I love throwing away 600 million dollars, and making my neighborhood less walkable as a taxpayer and resident. Its Great!

by Navid Roshan on Aug 21, 2014 10:30 am • linkreport

I think you could put a walking/bike path near a rail line - pretty easily.

"People with higher incomes will place a higher monetary value on their time, and also on non time attributes of transport like comfort, reliability etc." - I think this is an unfortunate ingrained belief in transit planning. And I don't care if it's viewed as correct - what happens when people place this as central in their transit planning is harmful.

What occurs is city and transit planners place higher value at increasing service to those *who don't actually have to take the bus* to encourage them to ride, particular for their way to work, which are morning to evening hours.

People likely to be poorer and *have to take the bus* may have shorter day shifts, or evening shifts, or be college students, or retired, or disabled.

Notice how the bus service is designed to be worse for them. The frequency of buses shuts down markedly, or even doesn't run to suit them at all. And future plans like BRT involve really making things worse for them over in terms of routes and bus access.

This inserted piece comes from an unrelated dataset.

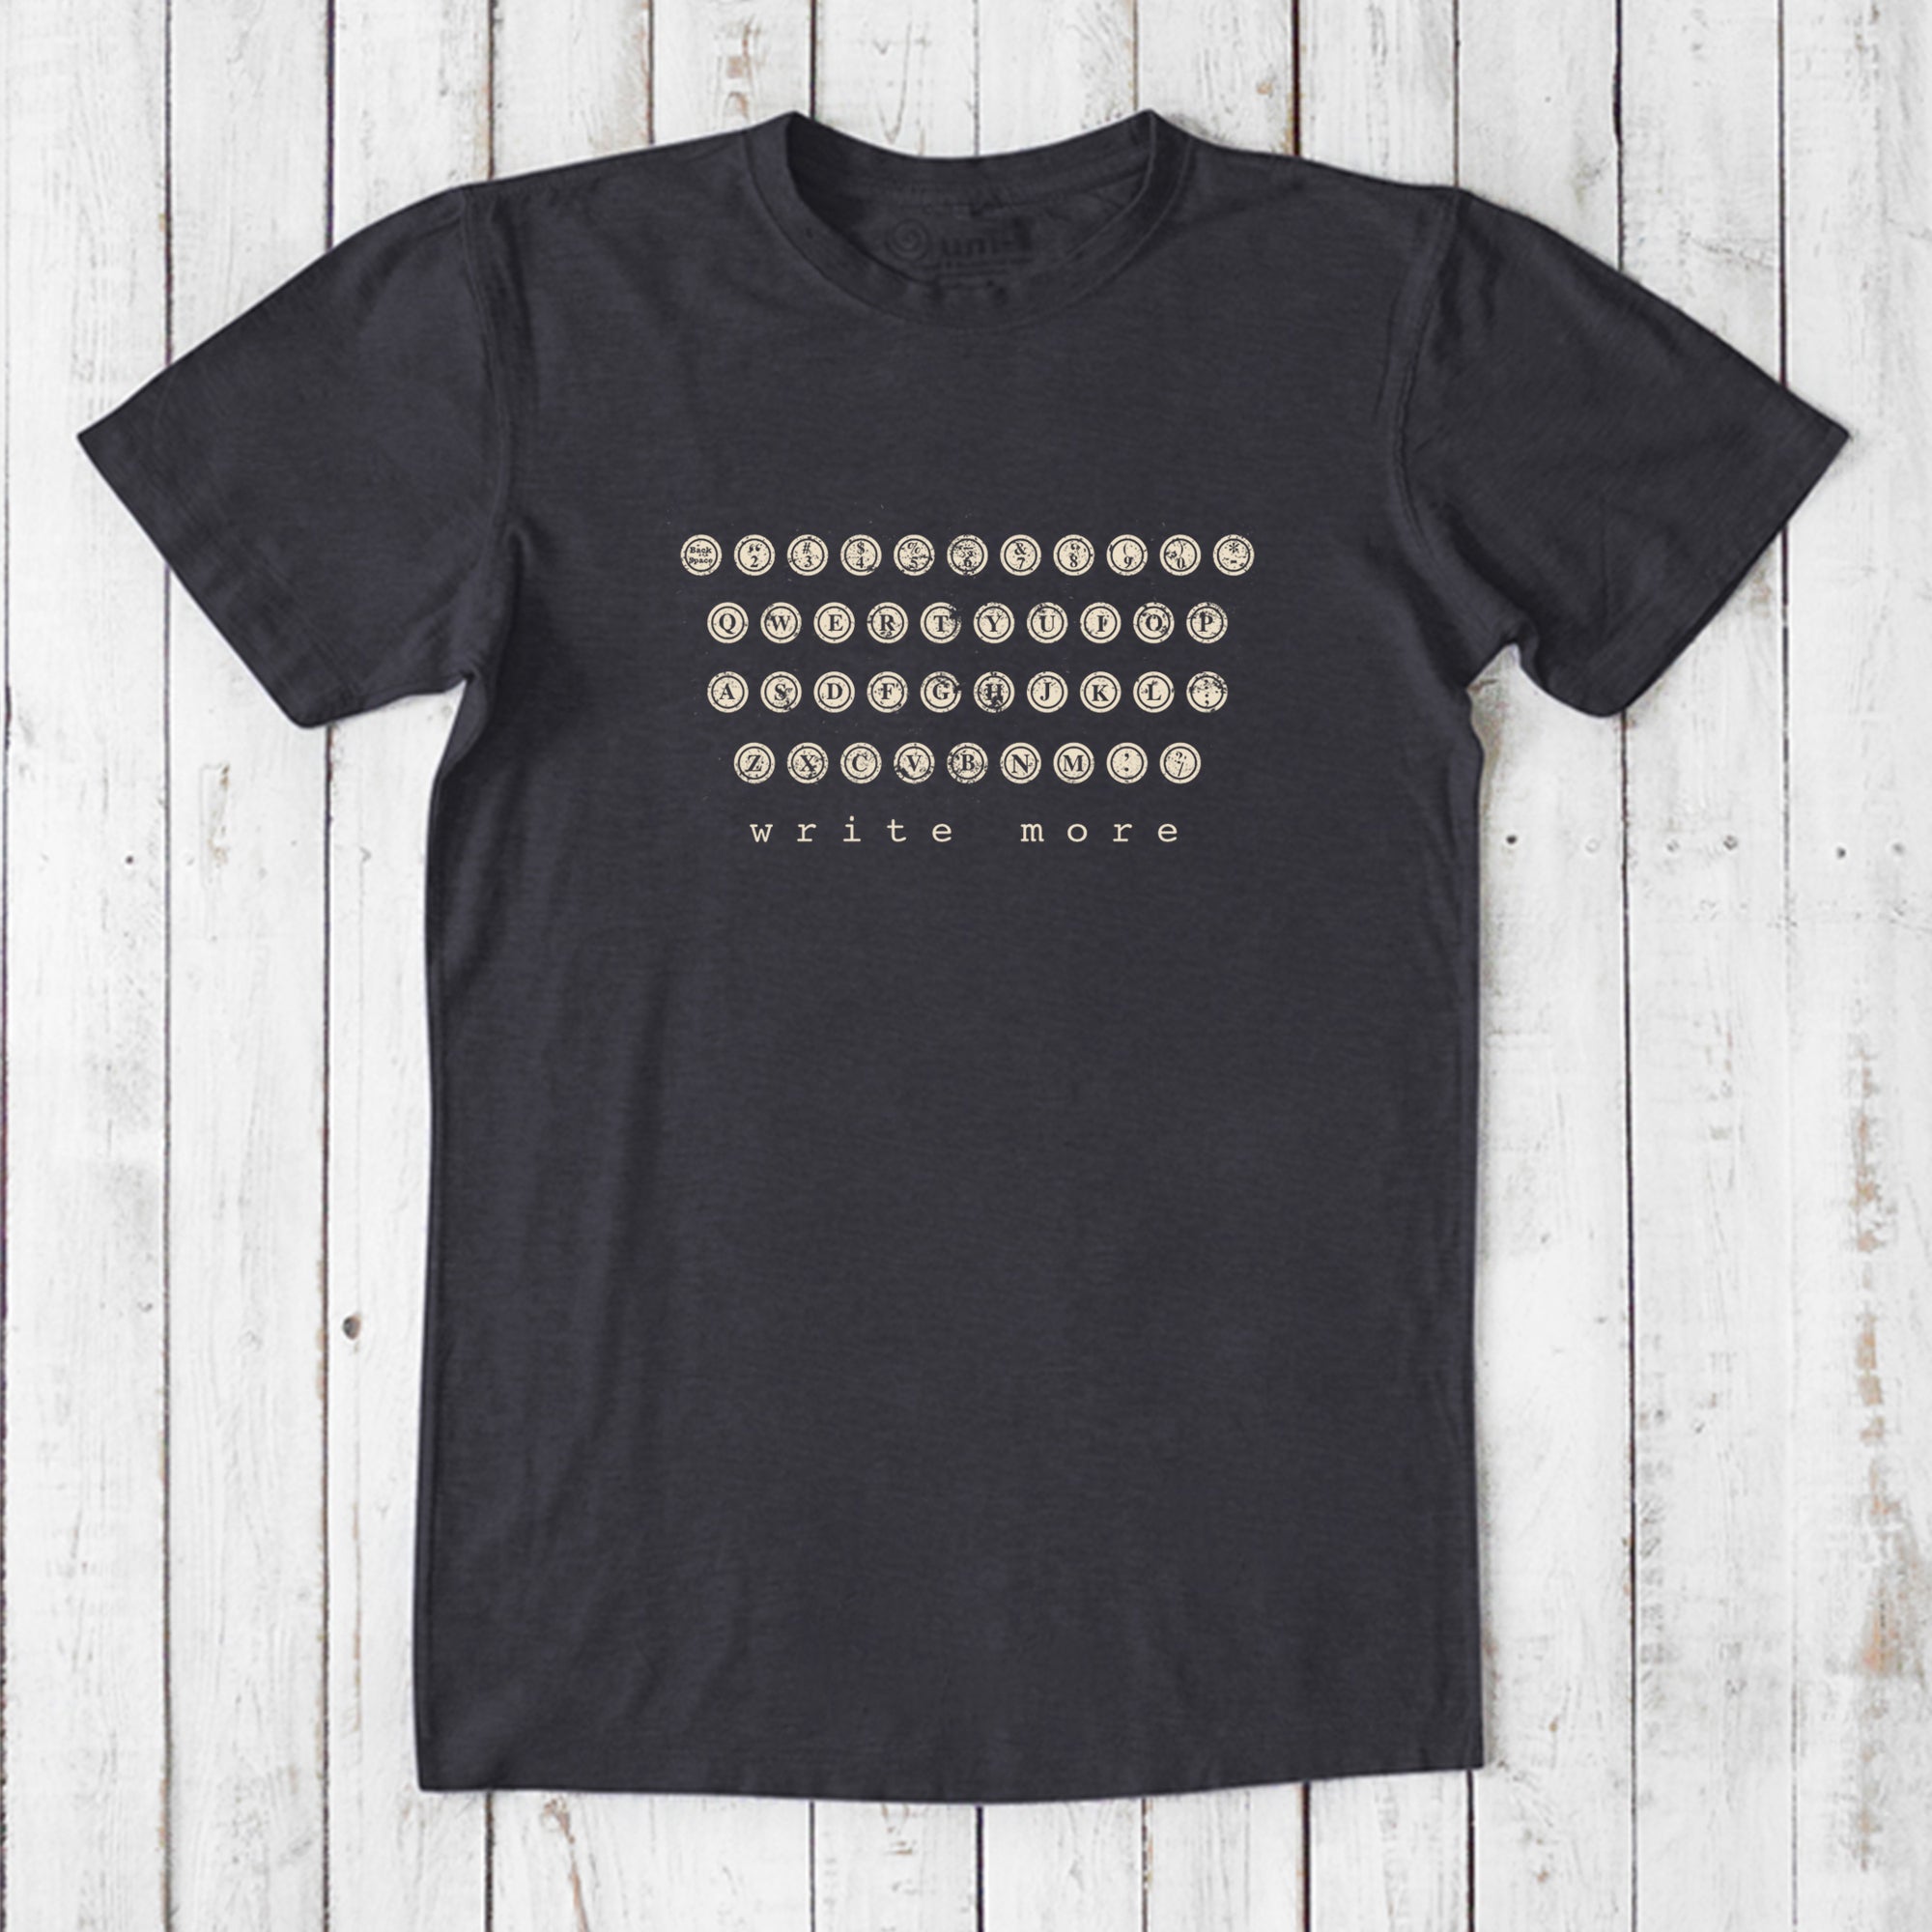 Typewriter T-shirt for Men - Write More Uni-T

IF somebody *needs* the bus, they aren't encouraged to use it. If they don't need it - they're not happy about how it's working, either - partly because if they improved the service for the "have nots" the "haves" would benefit the same, but oddly, some of the plans for the "haves", are designed to harm the "have nots", to supposedly give the "haves" better service.

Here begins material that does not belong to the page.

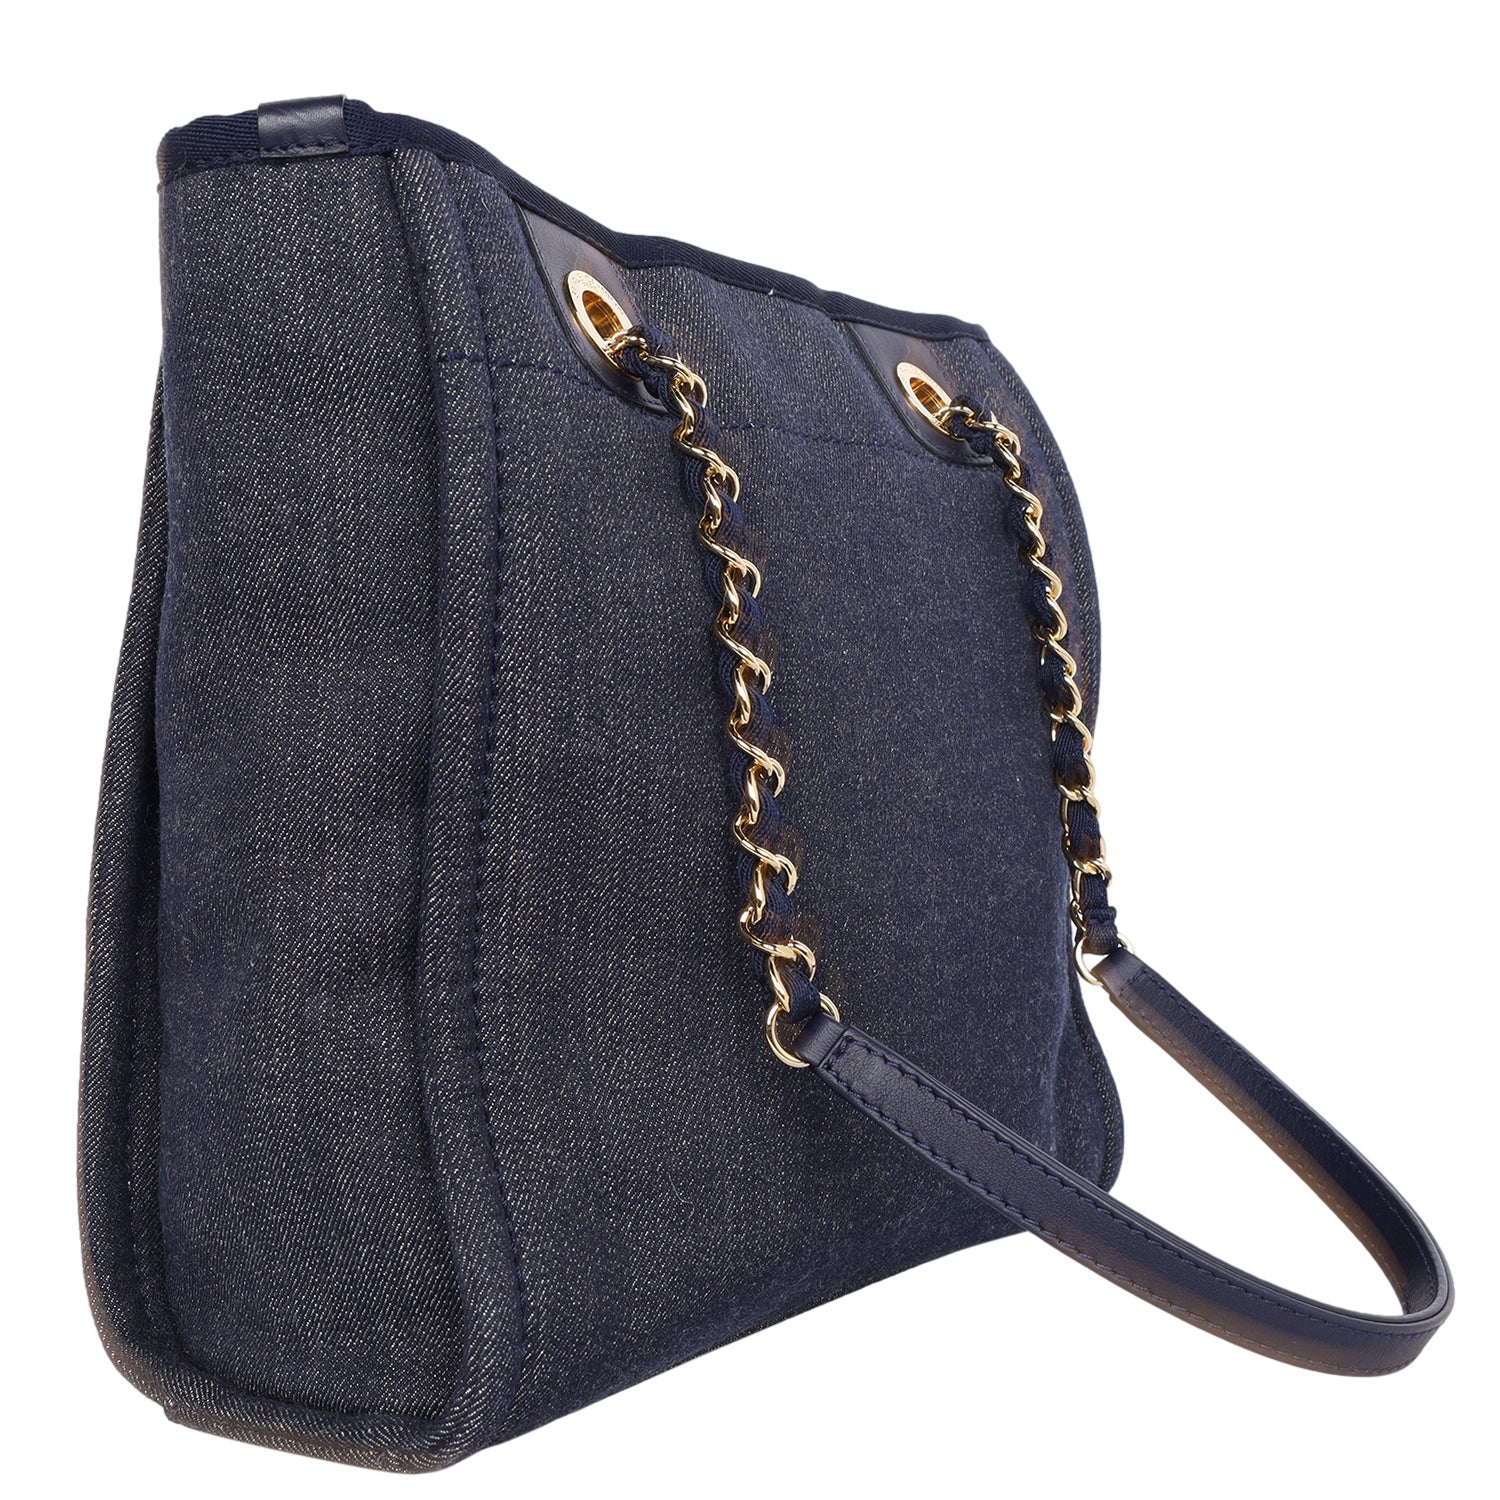 CC Canvas Leather Deauville Tote Shoulder Bag (Authentic)

A planner can likely improve service for more people on their way to work at an affluent job without forcing the rest to find alternative ways to travel or taking away all they have, or cutting their services to half that or worse to enable more for the other. But not if they spend billions on wasteful boondoggle projects.

by asffa on Aug 21, 2014 12:05 pm • linkreport

CBF - taking proffer money or in-kind contributions for schools outside the Tysons area is DOA. The Providence and Dranesville supervisors would not accept more density for school funds to be spent elsewhere in the county. Schools in the Vienna-Great Falls-McLean areas already have much larger class sizes than in in some other parts of the county and the difference is not explained by Title I money. There no consensus to get money for more growth at Tysons and send it outside the greater Tysons area.

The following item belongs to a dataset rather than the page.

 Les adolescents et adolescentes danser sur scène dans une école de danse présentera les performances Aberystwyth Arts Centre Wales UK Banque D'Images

I don't believe landowners who got unlimited density at the stations would feel any need to seek more. Spreading density beyond say 2.5 outside the half mile ring would be strongly opposed as inconsistent with the Plan. One of the main reasons consensus was reached was the decision to limit density to the immediate areas around the stations. Stu Mendelsohn's last-ditch effort to undo this failed.

The differing landowner interests (station and non-station) was the cause of the failure to agree upon a tax district within Tysons and caused the County to impose a service district.

So if the landowners at the stations are essentially content and the outlying landowners could not overcome opposition to density creep, who would fight for more density? And how could split landowners overcome the certain opposition from community groups to expanding density? I just don't see how anyone could assemble a coalition strong enough to add density to Tysons.

NR - I appreciate your view that, over time, behavior might change in a way that affects traffic. And I am well aware that a percentage change in traffic volume one way or the other can have a big impact on LOS.

Members of the Task Force argued that traffic studies and LOS was irrelevant to the re-development of Tysons. But the supervisors effectively rejected that argument when it gave Tysons to the Planning Commission. And one of the key reasons the deal on Tysons was reached was the agreement to link transportation to land use. Had the County done business as usual, the Comp Plan would not have had sufficient support to pass.

I strongly believe that, if traffic volumes projected are not reached, road projects will be delayed. But it is politically impossible to chuck Table 7 on the assumption behavior will change. Changed behavior that results in lower traffic volumes will likely delay certain projects on Table 7. But we could also see younger people start getting paid better; getting married or forming alternative household; having kids; and wanting more space than an urban apartment. That change in behavior might suggest other results.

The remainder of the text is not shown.